Peran Agamawan dan Negarawan
Deklarasi Presiden Amerika, Donald Trump terhadap pengakuannya Yerusalem sebagai ibu kota Israel serta pemindahan kedutaan besar AS dari Tel Aviv ke kota bersejarah itu merupakan contoh pemimpin negara yang tidak mengutamakan perdamaian. Pengakuan presiden Amerika Serikat tersebut diyakini akan menimbulkan banyak konflik. Bukan hanya menyulut emosi rakyat Palestina, melainkan menyulut kemarahan negara-negara lain.
Organisasi Kemasyarakatan (Ormas) banyak yang menolak keputusan Donald Trump. Seperti Pengurus Besar Nahdlatul Ulama (PBNU) Robikin Emhas, ia berpendapat bahwa pengakuan Yerusalem sebagai ibu kota Israel bukan saja menolak sejarah, akan tetapi juga berpotensi menumbuhkan sikap radikal di banyak negara. Ia juga menganggap keputusan Presiden Amerika akan menimbulkan banyak kekerasan baru.
Seorang pemimpin haruslah mempunyai spirit perdamaian. Bukan saja dikampanyekan oleh agamawan saja, melainkan harus dikampanyekan oleh pemimpin negara. Karena perdamaian tidak akan tercapai apabila hanya dilakukan oleh agamawan saja. Semua elemen harus bekerja sama untuk mewujudkan perdamaian.
Ada dua elemen terpenting untuk mewujudkan perdamaian secara nasional ataupun secara global, yaitu agamawan dan negarawan. Kedua elemen tersebut sangat potensial untuk membawa spirit perdamaian. Agamawan sebagai salah satu simbol pendakwah, ia mampu untuk menularkan spirit perdamaian terhadap banyak orang. Begitu pula negarawan, kapasitasnya untuk mempengaruhi kebijakan negara mampu untuk mengkampanyekan perdamaian secara nasional maupun secara global.
Agamawan akan menyadari bahwa agama pada hakikatnya adalah menyebarkan perdamaian. Bukan hanya Islam, namun agama-agama lain mempunyai satu kesamaan yaitu mengajarkan kebaikan.
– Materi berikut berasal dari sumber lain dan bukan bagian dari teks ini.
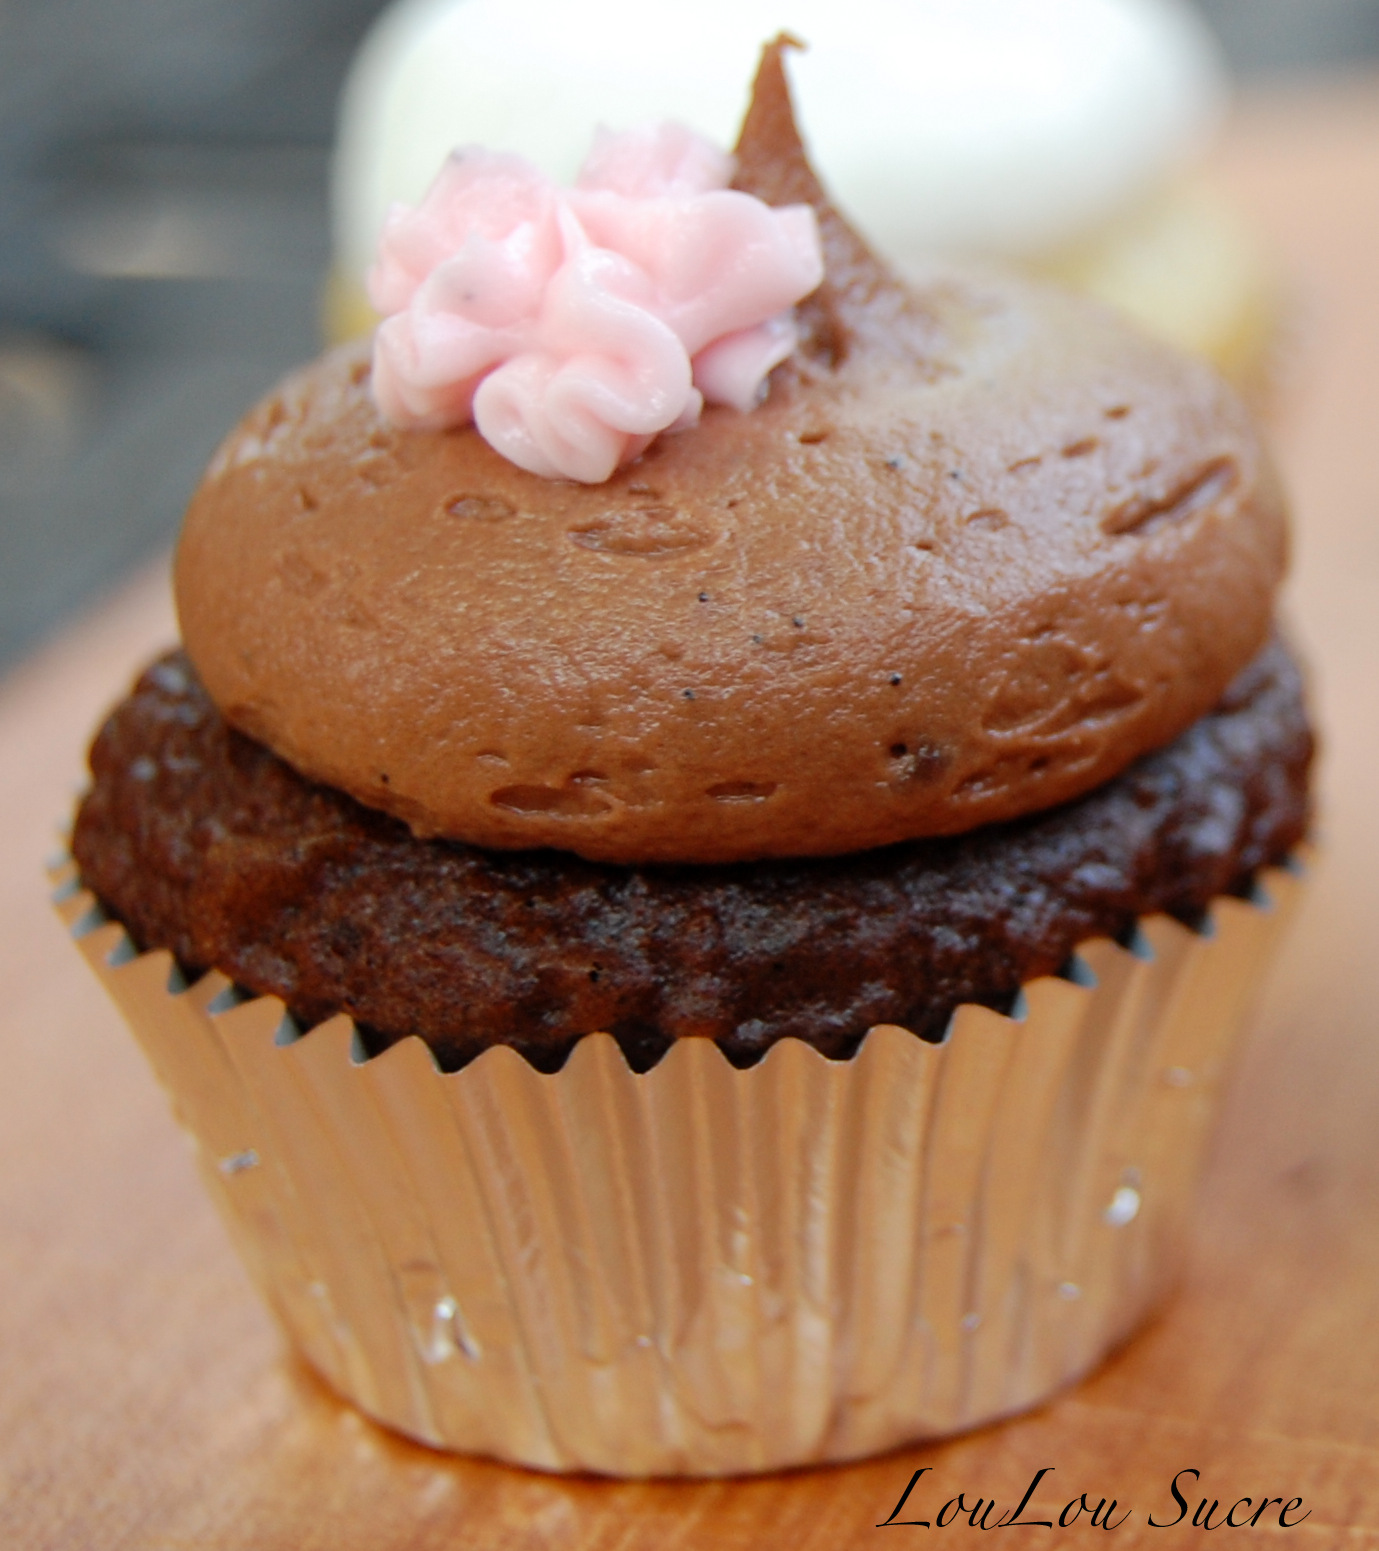 Chocolate Fudge Buttercream Frosting Recipes — Dishmaps

Tidak ada agama yang mengajarkan saling membunuh, merusak dan merampas hak orang lain.
Penyebab dari kekacauan yang mengatasnamakan agama terkadang rendahnya pemahaman seseorang dalam memahami agama. Setiap kelompok bahkan setiap orang bisa berbeda dalam memahami agama. Perbedaan dalam memahami agama seharusnya dapat disikapi secara dewasa, dari banyaknya perbedaan pandangan seharusnya memperkaya cara pandang dalam beragama. Dari perbedaan-perbedaan tersebut pula, harus bersama-sama mencari kebenaran yang dapat diterima orang banyak.
Agamawan dan negarawan harus bersama-sama untuk menciptakan perdamaian. Agamawan sebagai orang yang meletakkan manhajul fikr terhadap spirit perdamaian. Sedangkan seorang negarawan harus mengambil kebijakan untuk mengkampanyekan perdamaian di masyarakat.